Kay grumbled quietly and went back to her files: on Williams and on his organization and on all the other players within it,
his top people and the many bottom-feeders subsisting beneath them. The silence dragged on. Outside, it had begun to rain.

“What about this guy: Ricky Thomas, two tiers down from Williams, not quite a lieutenant but he went to the same high school? And there's an outstanding warrant for failure to appear at his arraignment on local charges.”

“Thomas?” Special Agent Chapman looked up from his desk and shrugged. It was obvious to Kay that he had no idea who Ricky Thomas was, equally so that he didn't want to admit it. “What about him?”
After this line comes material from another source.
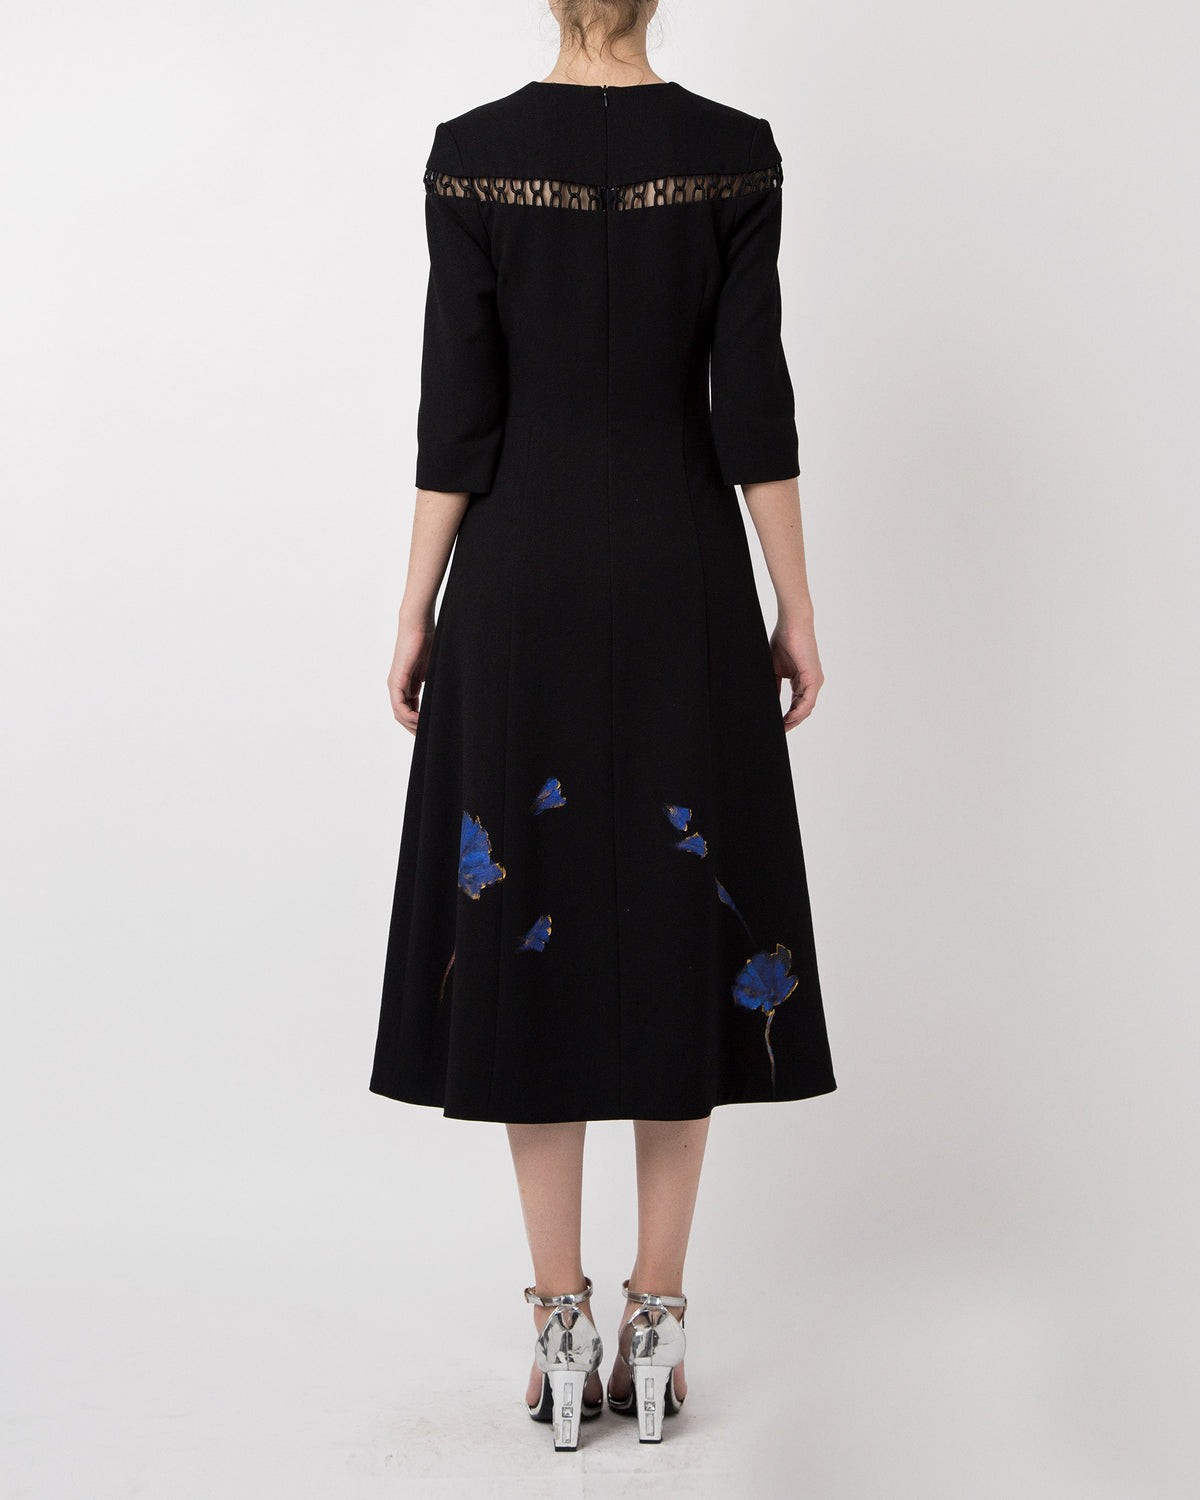 Phoenix in poppy-painted  mid-length Sleeve Black Skater Dress.

“Why hasn't anyone gone and knocked on his door since Williams slipped into the wind?” Kay asked.

“Since he
slippe
d
?” Chapman said, drawing attention to Kay's moment of incompetence in hopes of covering up his own. “I guess we've been pretty busy since Williams
slipped
into the wind, Ivy. I guess we haven't had time to take a shot at every Baltimore corner boy with two vials of crack in his pocket.”

It was not the first insult Kay had ignored, and she very much doubted it would be the last. “I've got a few minutes,” she said simply, taking her service weapon out of her desk and slipping it into its holster. “Torres? You coming?”

“What the hell,” he said, standing and pulling on his coat. “But you're springing for a Reuben at Attman's on the way back.”